The Huffington Post Emily Thomas First Posted: 07/03/13 EDT Updated: 07/04/13 EDT
Good vibrations led one smitten woman to marry a bridge.
Jodi Rose, an Australian artist who travels the world recording the vibrations of bridge cables for her "Singing Bridges" music project, knew it was true love the first time she laid eyes on Le Pont du Diable, a 600-year-old bridge in Southern France.
On June 17, the intimate affair was held at the entrance of her groom with 14 guests in attendance, including the mayor of Saint-Jean-de-Fos, a neighboring town. The beaming bride kept it traditional on her not-so-traditional wedding day, wearing a floor-length ivory dress and carrying a beautiful bouquet, Oddity Central reported.

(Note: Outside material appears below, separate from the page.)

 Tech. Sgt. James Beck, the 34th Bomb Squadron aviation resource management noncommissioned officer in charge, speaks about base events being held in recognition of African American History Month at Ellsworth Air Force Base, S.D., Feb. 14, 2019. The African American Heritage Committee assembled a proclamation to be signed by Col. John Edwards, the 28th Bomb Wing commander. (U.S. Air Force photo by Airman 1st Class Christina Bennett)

Though their union is not legally recognized in France, Rose said it's just as strong as any other marriage.
"While I respect those whose romantic and sexual feelings are oriented towards objects, mine is a symbolic affair, a pagan / animist view of the spiritual vibration in everything," she wrote on her blog, Bridgeland. "He understands that I love other bridges -- and men -- ours is a love that embraces the vagaries of life, as materialized in the swirling currents of the river that flows beneath his magnificent body."

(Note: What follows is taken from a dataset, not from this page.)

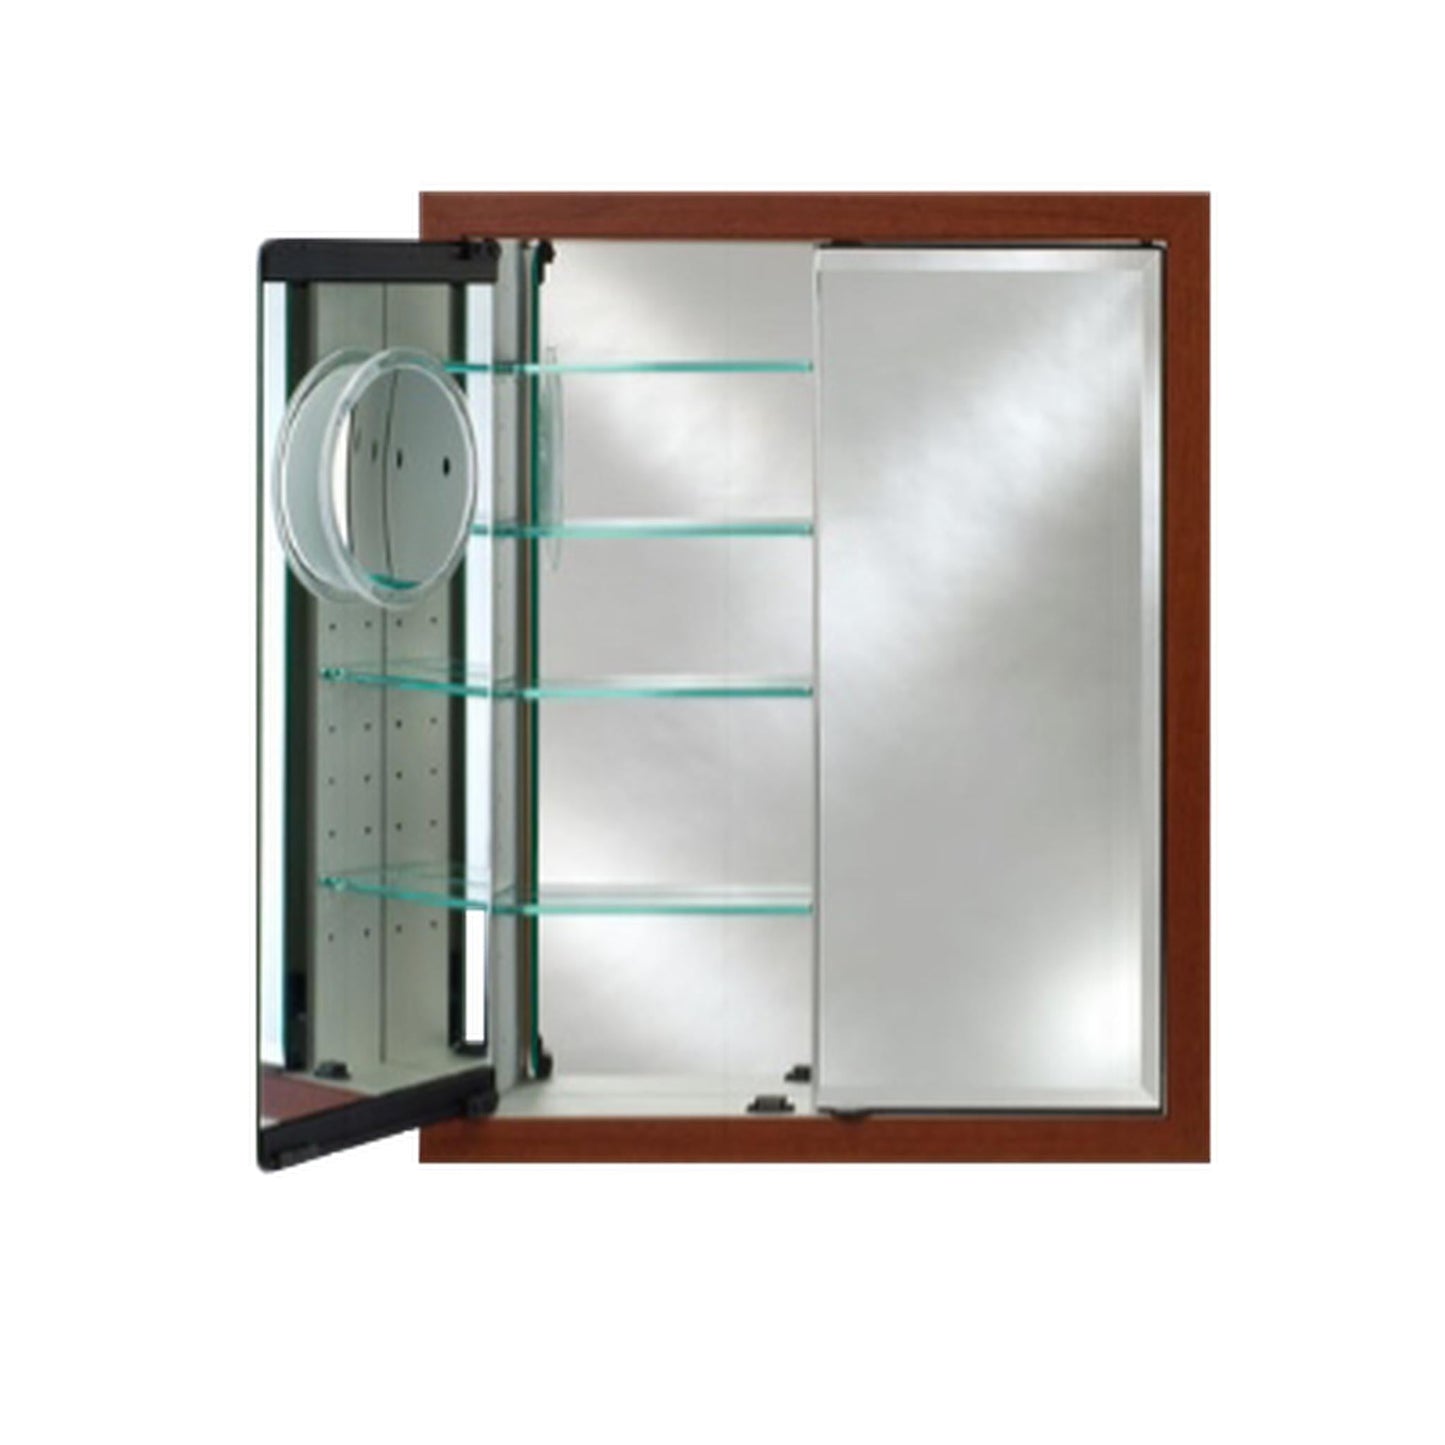 Afina Signature 33" x 23" Polished Glimmer-Scallop Recessed Retro-Fit Double Door Medicine Cabinet With Beveled Edge Mirror

Their love certainly has a strong foundation, but let's hope the bridge feels the same about the open relationship.
On her blog, Rose gushed about her new beau:
The story of our romance is a modern love fable - I have travelled the world for over ten years, making music with the sound of bridges, and as he felt my vibrations coming nearer he drew me to him. Our wedding is arranged with the help of friends from Barcelona, the community and artists in Arles-sur-Tech & Ceret, who give their blessing and support to the ceremony.
Although he is made of stone, the resonance of his being is very present, and I feel at peace in his strong embrace. He makes me feel connected to the earth and draws me to rest from my endless nomadic wanderings.
Le Pont du Diable, also known as "The Devil's Bridge," was first erected by Benedictine Monks in the 11th century and has shown resilience in the face of harsh times over the Hérault river gorge, according to Geekosystem.
"[He] is everything I could desire in a husband - sturdy, trustworthy, sensual, kind and handsome,"
Rose wrote. "There is longevity in the arch of his back, he has stood for 600 years and he will stand for 600 more."